Long-Term Evolution in Noctilucent Clouds’ Response to the Solar Cycle: A Model-Based Study

Abstract

Noctilucent clouds (NLC) are sensitive indicators in the upper mesosphere, reflecting changes in the background atmosphere. Studying NLC responses to the solar cycle is important for understanding solar-induced changes and assessing long-term climate trends in the upper mesosphere. Additionally, it enhances our understanding of how increases in greenhouse gas concentration in the atmosphere impact the Earth’s upper mesosphere and climate. This study presents long-term trends in the response of NLC and the background atmosphere to the 11-year solar cycle variations. We utilised model simulations from the Leibniz Institute Middle Atmosphere (LIMA) and the Mesospheric Ice Microphysics and Transport (MIMAS) over 170 years (1849 to 2019), covering 15 solar cycles. Background temperature and water vapour (H2O) exhibit an apparent response to the solar cycle, with an enhancement post-1960, followed by an acceleration of greenhouse gas concentrations.
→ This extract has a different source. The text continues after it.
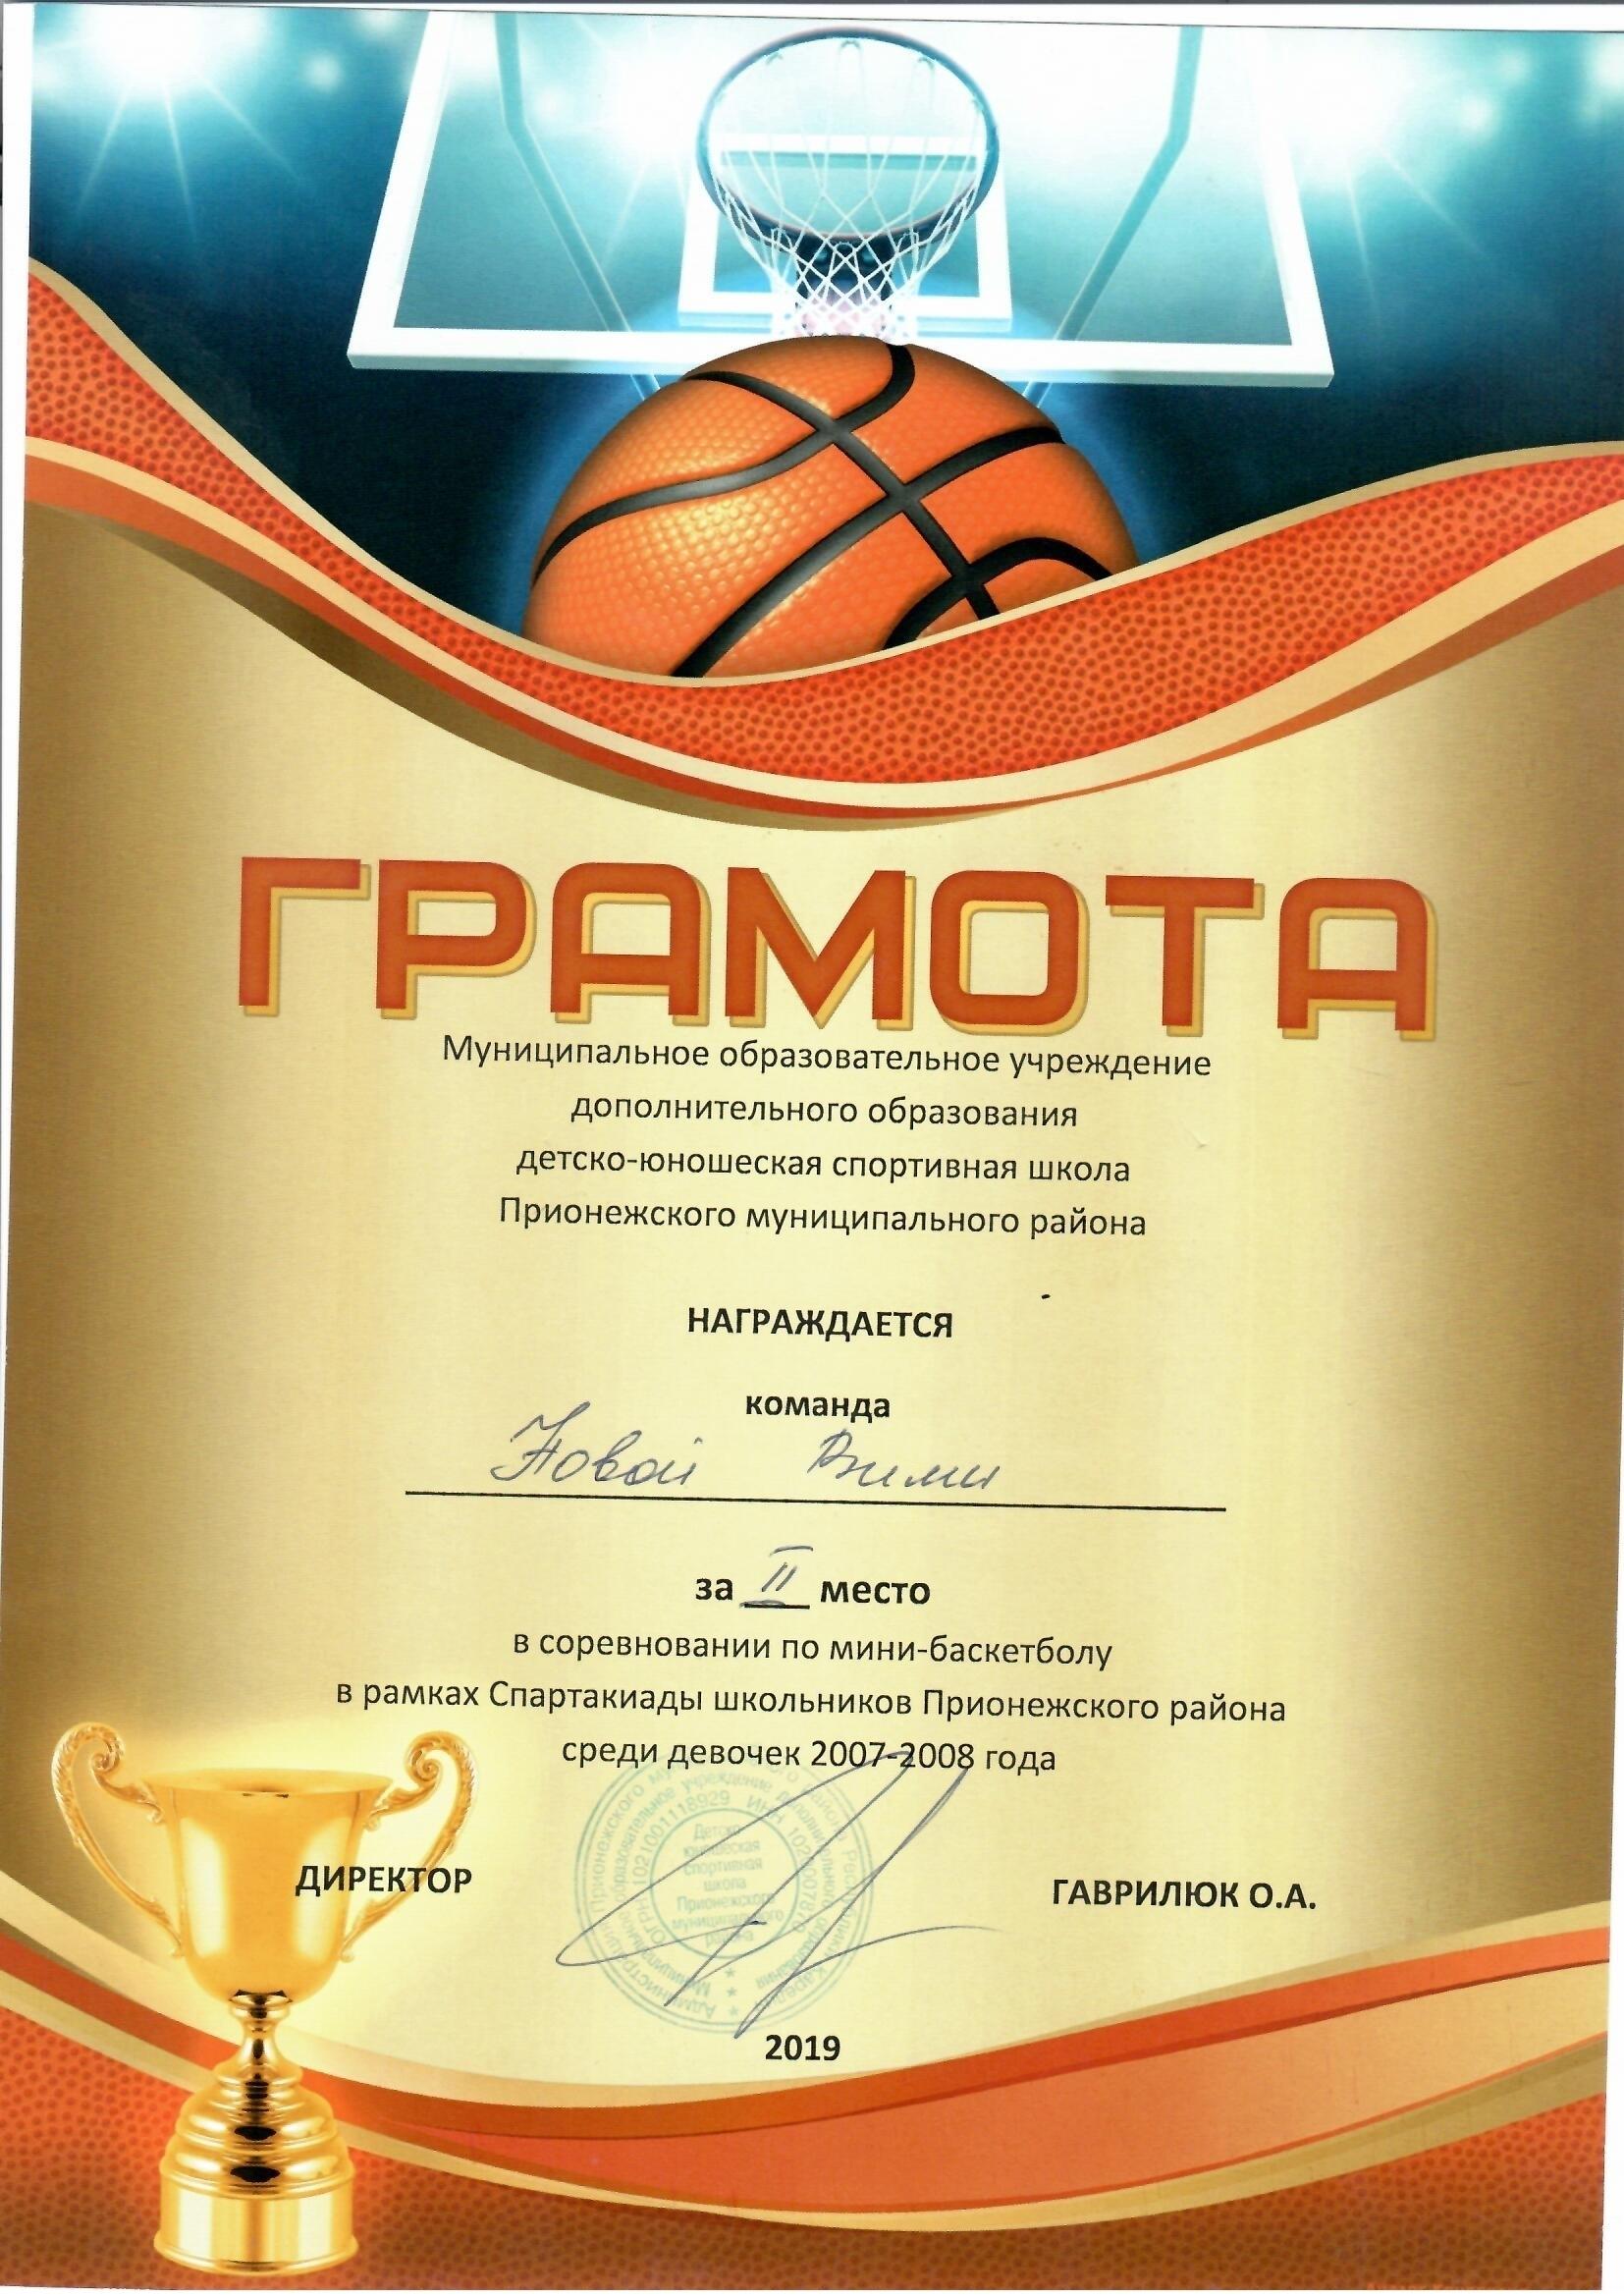 За 2 место в Спартакиаде по мини-баскетболу среди девочек 2007-2008 г.р.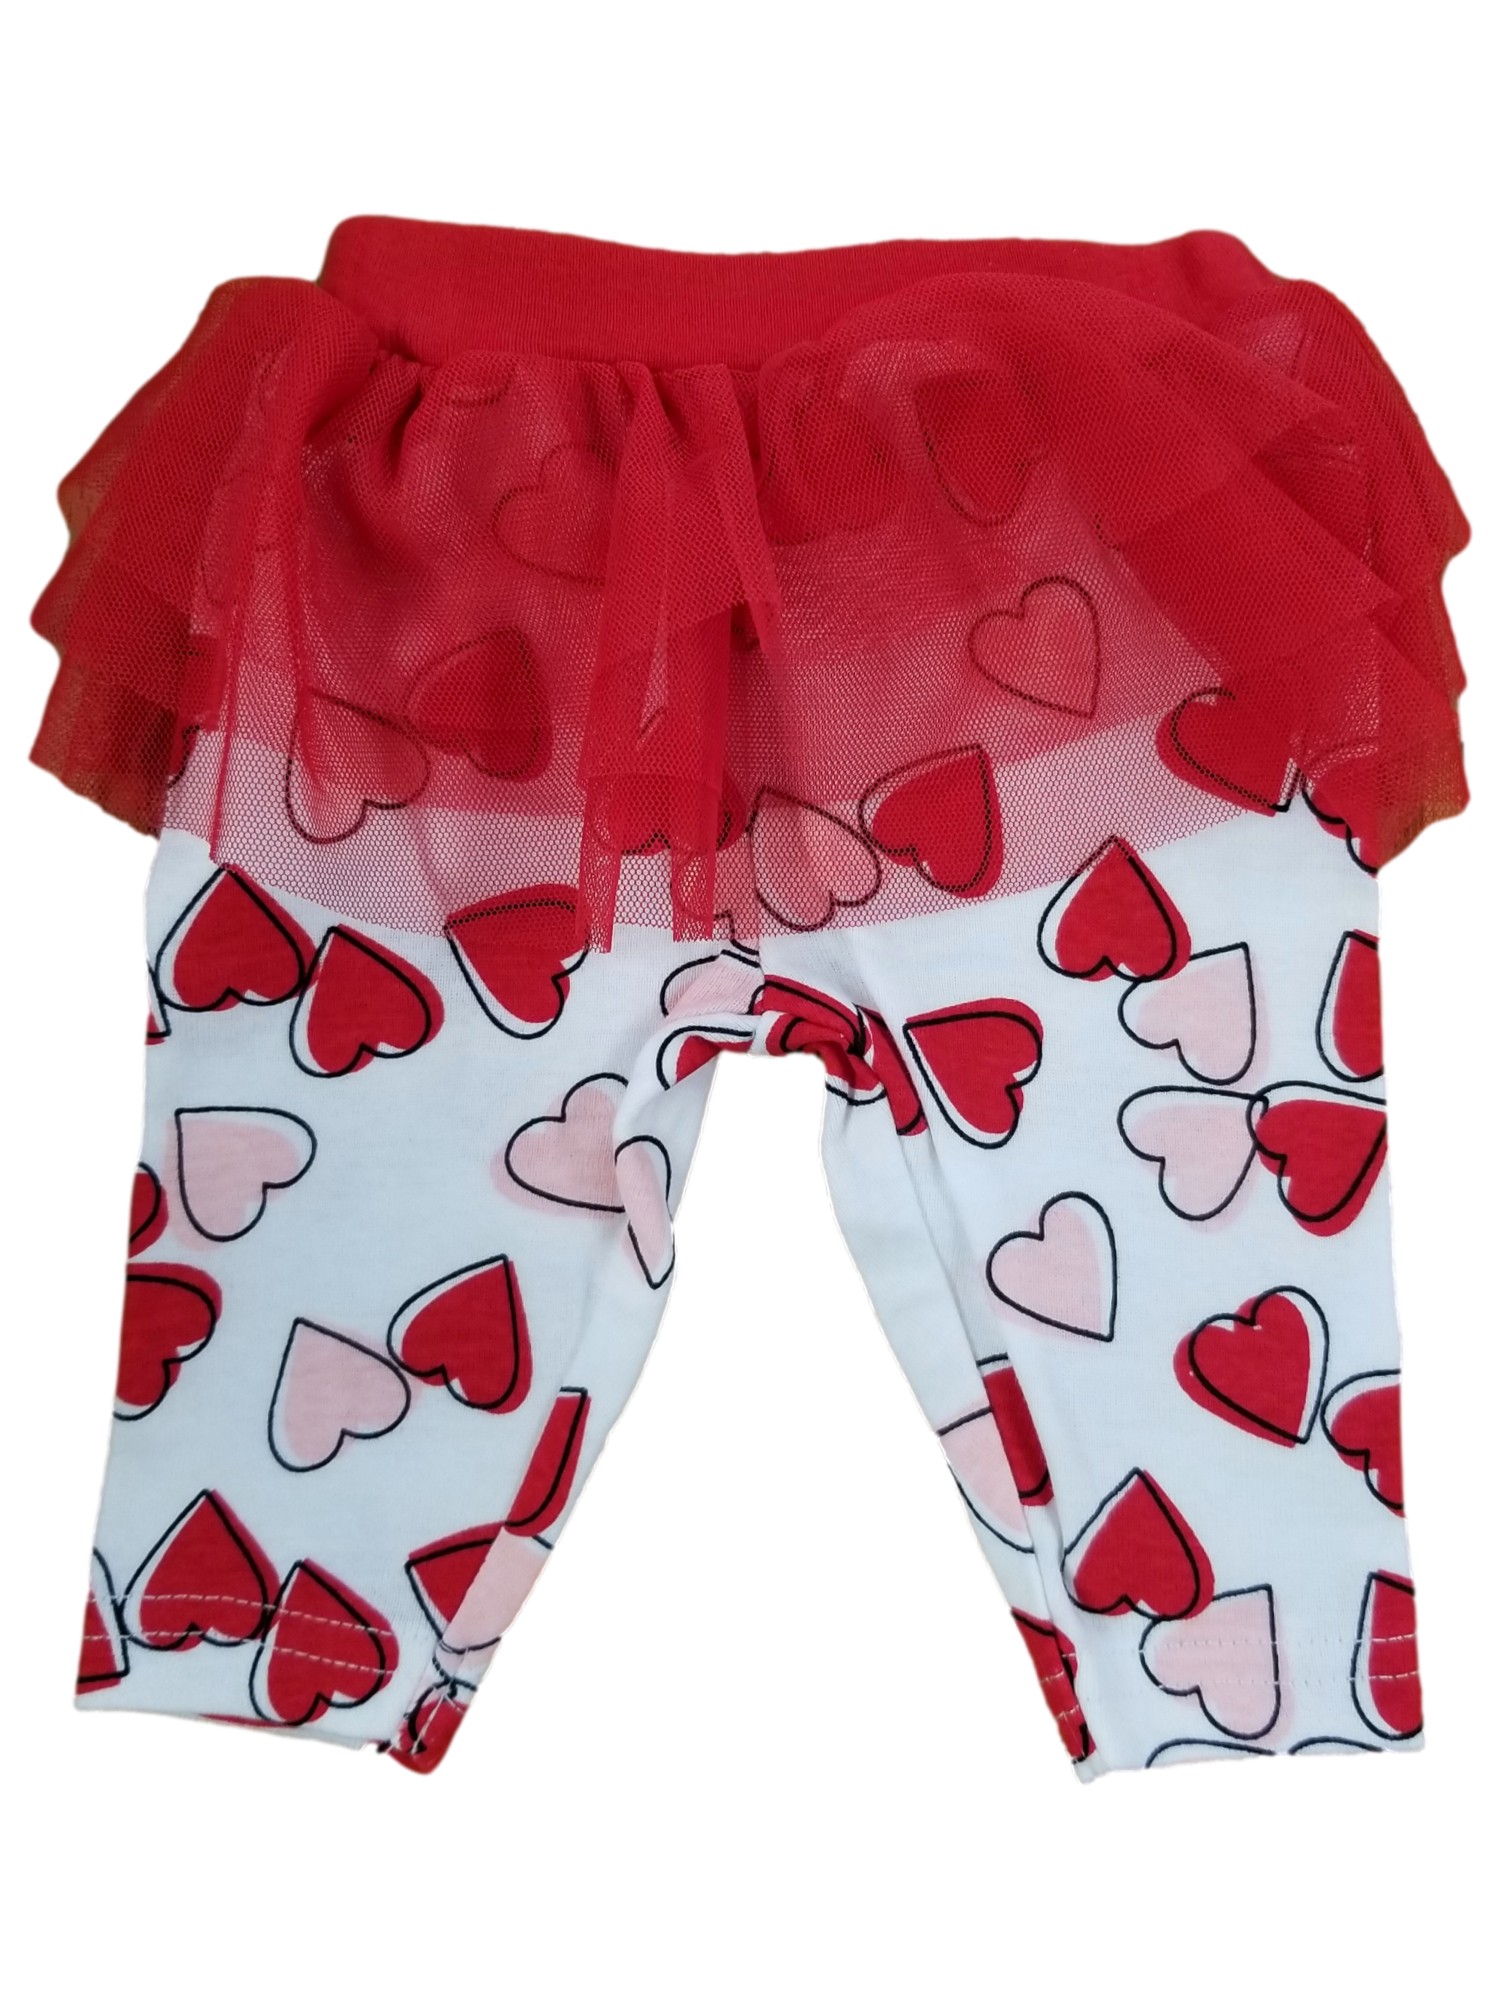 Carter's Infant Girls Mommy's Favorite Valentine Bodysuit Tulle Tutu Leggings

NLC properties, such as maximum brightness (βmax), calculated as the maximum backscatter coefficient, altitude of βmax (referred to as NLC altitude) and ice water content (IWC), show responses to solar cycle variations that increase over time. This increase is primarily due to an increase in background water vapour concentration caused by an increase in methane (CH4). The NLC altitude positively responds to the solar cycle mainly due to solar cycle-induced temperature changes. The response of NLC properties to the solar cycle varies with latitude, with most NLC properties showing larger and similar responses at higher latitudes (69° N and 78° N) than mid-latitudes (58° N).